Qwen Core Team Turmoil, OpenAI and Google Release New Models in Rapid Succession | AI Daily

March 5 AI roundup: Qwen team turmoil, new models from OpenAI, Google, MiniMax, and Volcano Engine.
March 5 saw intense AI industry activity: multiple core leaders left Alibaba's Qwen team, reportedly due to conflicts over shifting performance metrics from technical indicators to DAU/MAU, exposing deep tensions between fundamental research and commercialization. Meanwhile, MiniMax released Music 2.5+ with new instrumental creation capabilities, OpenAI launched GPT 5.3 Instant with improved conversational naturalness, Google released the cost-effective Gemini 3.1 Flashlight, and Volcano Engine announced Seedance 2.0 video generation API pricing. The industry shows three clear trends: intensifying talent mobility, accelerating model iteration, and broadening application scenarios.

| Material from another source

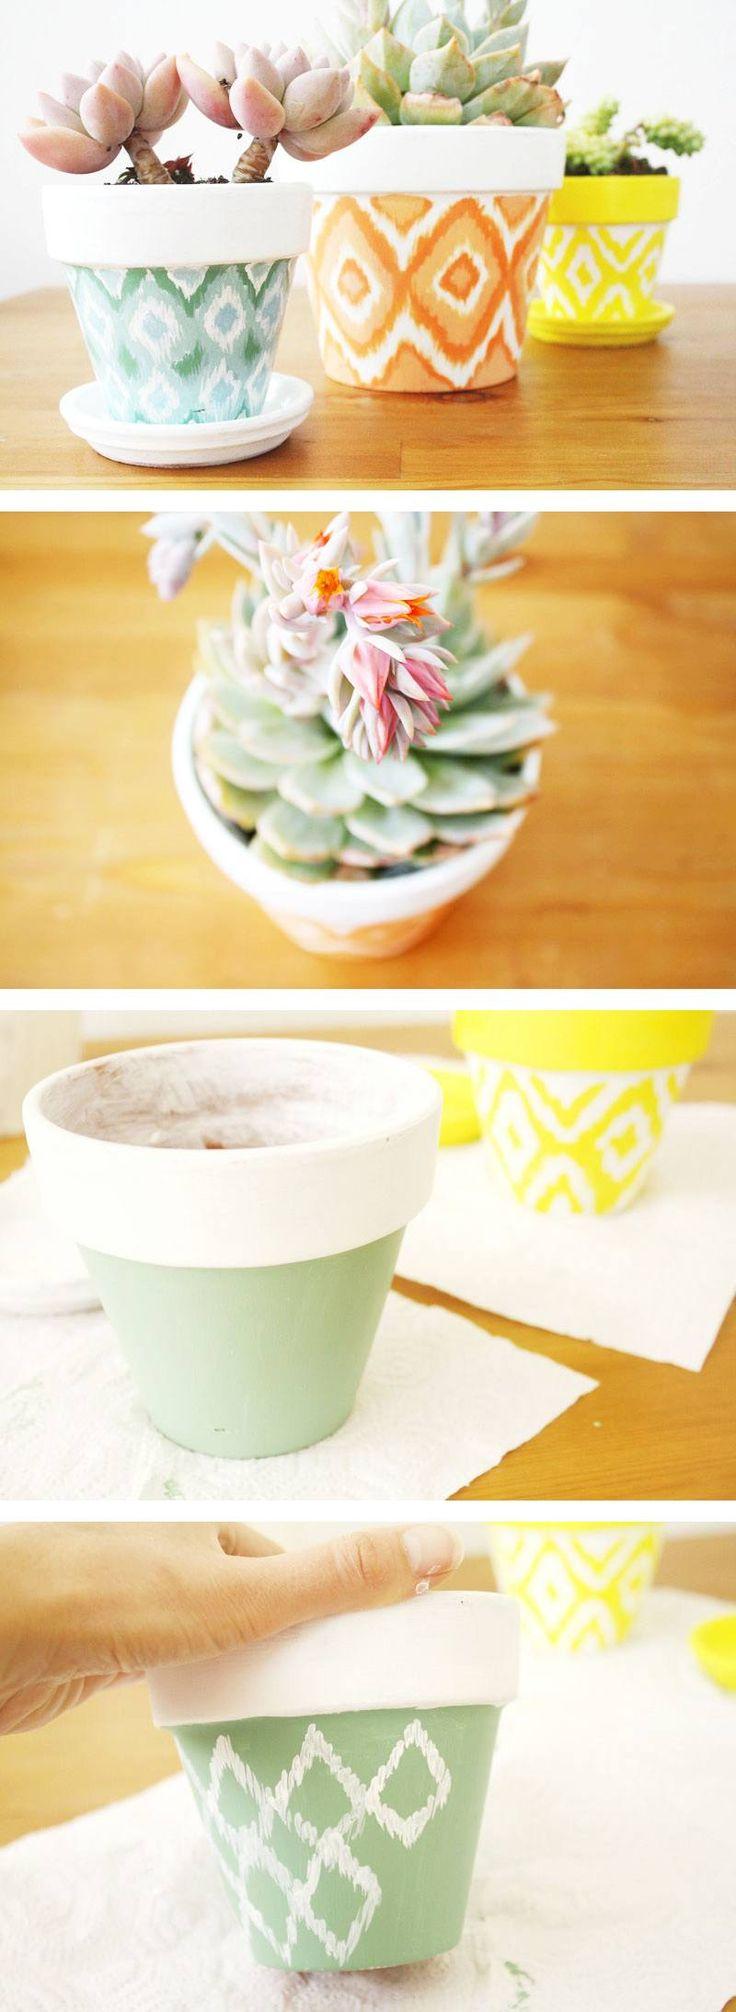 DIY Hand Painted Ikat Pots1
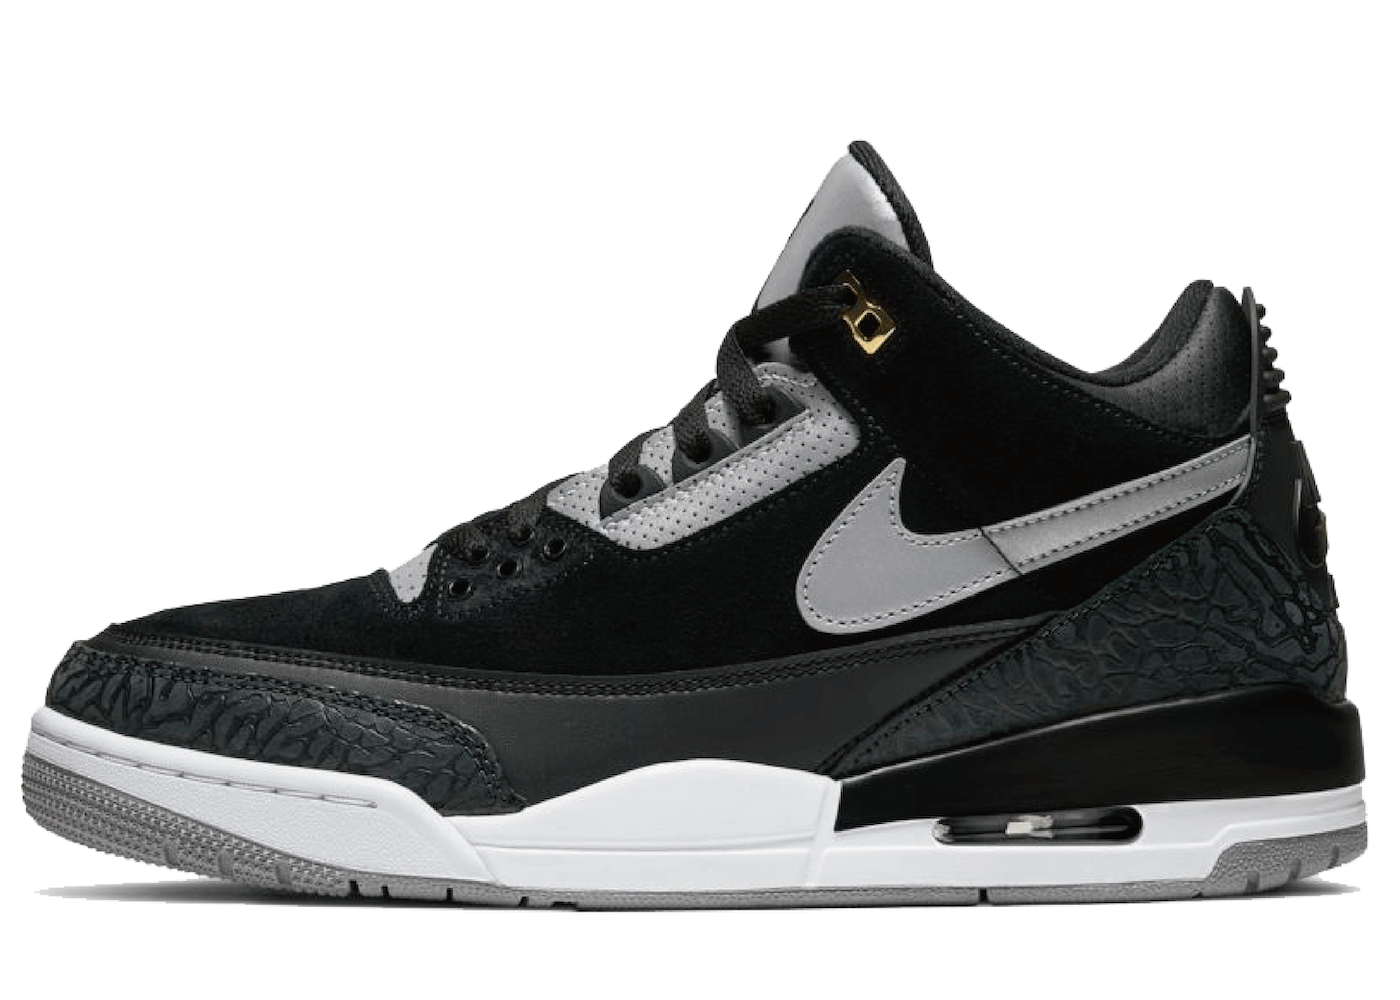 Nike Air Jordan 3 Tinker Black Cementの写真

March 5th was an eventful day in the AI industry: MiniMax released a new version of its music model, multiple core leaders at Alibaba's Qwen departed in succession drawing widespread attention, and both OpenAI and Google launched new models. This article covers the day's key developments and provides in-depth analysis of industry changes.
Qwen Core Team Shakeup: A Dispute Over Performance Metrics?
Lin Junyang, the technical lead of Alibaba's Qwen large language model, announced his departure. Several other core leaders of the Qwen LLM have also left in recent weeks, triggering widespread concern across the industry.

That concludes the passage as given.